More and more, Bay Street's financial services workers are waiting for the ax to fall.
Though job losses here aren't nearly as common as at U.S. banks, Canadian firms have been cutting jobs as they take huge write-offs in the wake of earnings declines. BMO Capital Markets, CIBC World Markets and the Ontario Teachers Pension Plan have each trimmed their workforces, according to media reports. Smaller firms such as Canaccord Capital, AIC Ltd. and CI Financial Income Fund have also reduced staff.
Given the current economic conditions, recruiters say it's imperative for job seekers to have realistic expectations in their search. Switching career paths now may be especially difficult, says Ken Stouffer, who recruits financial jobs for Fulcrum Search Science of Toronto.
"It is harder because there are not as many companies hiring and the competition is stronger," he points out. "We are not as far along the recessionary path as the States. Our rough ride is following a bit later."
Related industries are getting hit hard as well. Real estate investment trusts are getting rid of their controllers and replacing them with lower-priced executives, says Lisa Ludmer, director of permanent and professional placement at Adecco Employment Services in Toronto. She expects to see many companies restructure during the first quarter of 2009.
"Companies are still looking for talent, (but) they are really being picky," she says. "We need revenue-generating employees in every company."
Analysts and recruiters expect more job cuts as the weakening global economy continues to batter the Canadian economy and earnings of banks decline, particularly in their investment banking and brokerage businesses. In addition, more write-downs of bad loans are expected. Dundee Capital Markets Analyst John Aiken recently told the Financial Post he was surprised there had not already been announcements of "significant" job cuts, but pointed out banks try to avoid cutting heads around the holidays.
"The world has changed since September ...when Lehman was allowed to go down," observes Faye Thorek, a partner with Thorek/Scott & Partners, a Toronto-based firm specializing in financial services recruiting. "The market is changing and skills (employers need) are changing. Some people will never do the type of work they did before."

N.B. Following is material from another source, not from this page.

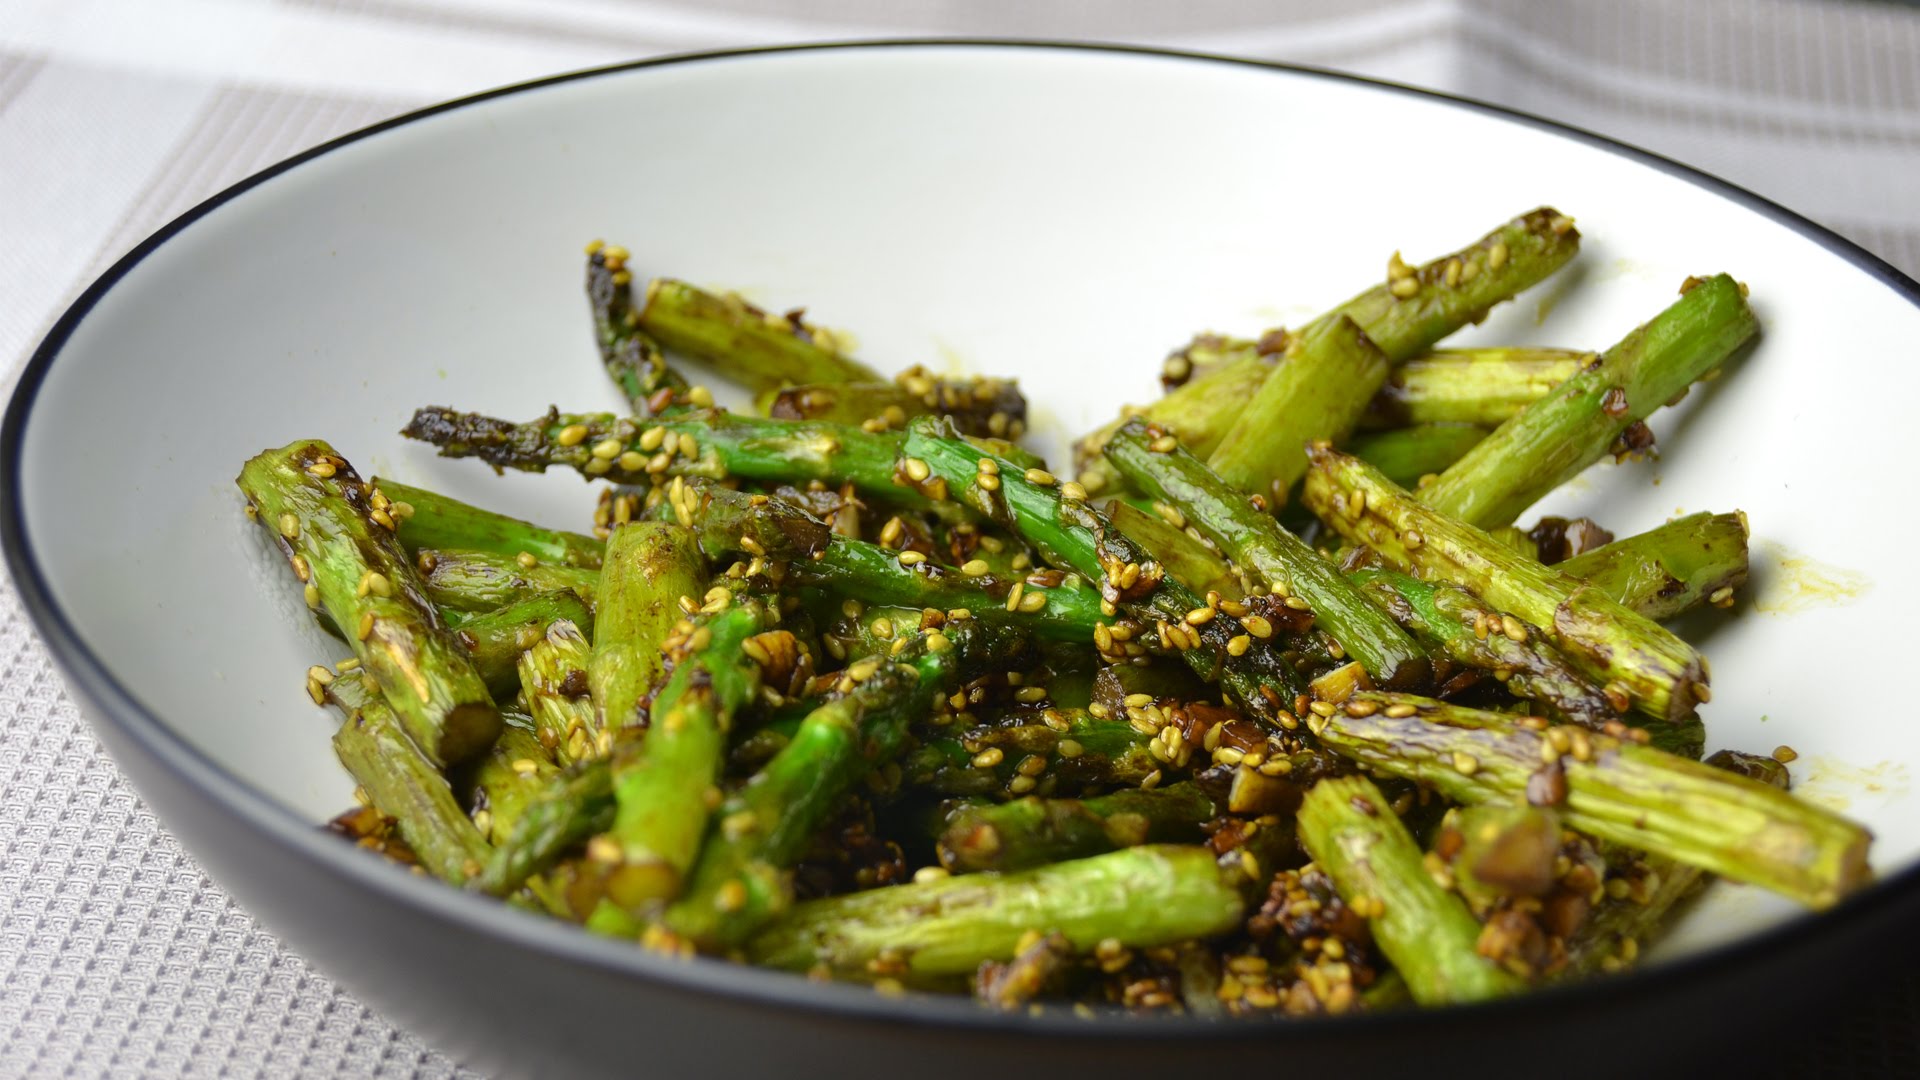 Espárragos Trigueros (fried asparagus) is an example of traditional Spanish cooking

Job seekers who are contacting her firm are "cautious but worried," Thorek says. And no wonder: The once red-hot economy in Canada is slowing. Though the U.S. is in a recession, the Canadian economy is continuing to grow - albeit at a tepid 0.3 percent in the third quarter. However, pundits expect the U.S. recession will drag down Canada's economy as well. Banks are feeling the pressure.
After his firm's recent earnings report, BMO Chief Executive Bill Downe predicted tougher times ahead. Meanwhile, Scotiabank reported a double-digit decline in profits. "While Canadian banks have fared better than their counterparts in other parts of the world, none of us have been immune to the forces buffeting global markets," said Scotiabank CEO Rick Waugh.
In her 37 years in business, Thorek has seen nothing like the current job market. "I have been through recessions and mini recessions," she says. "This is very deep and very broad and this is global."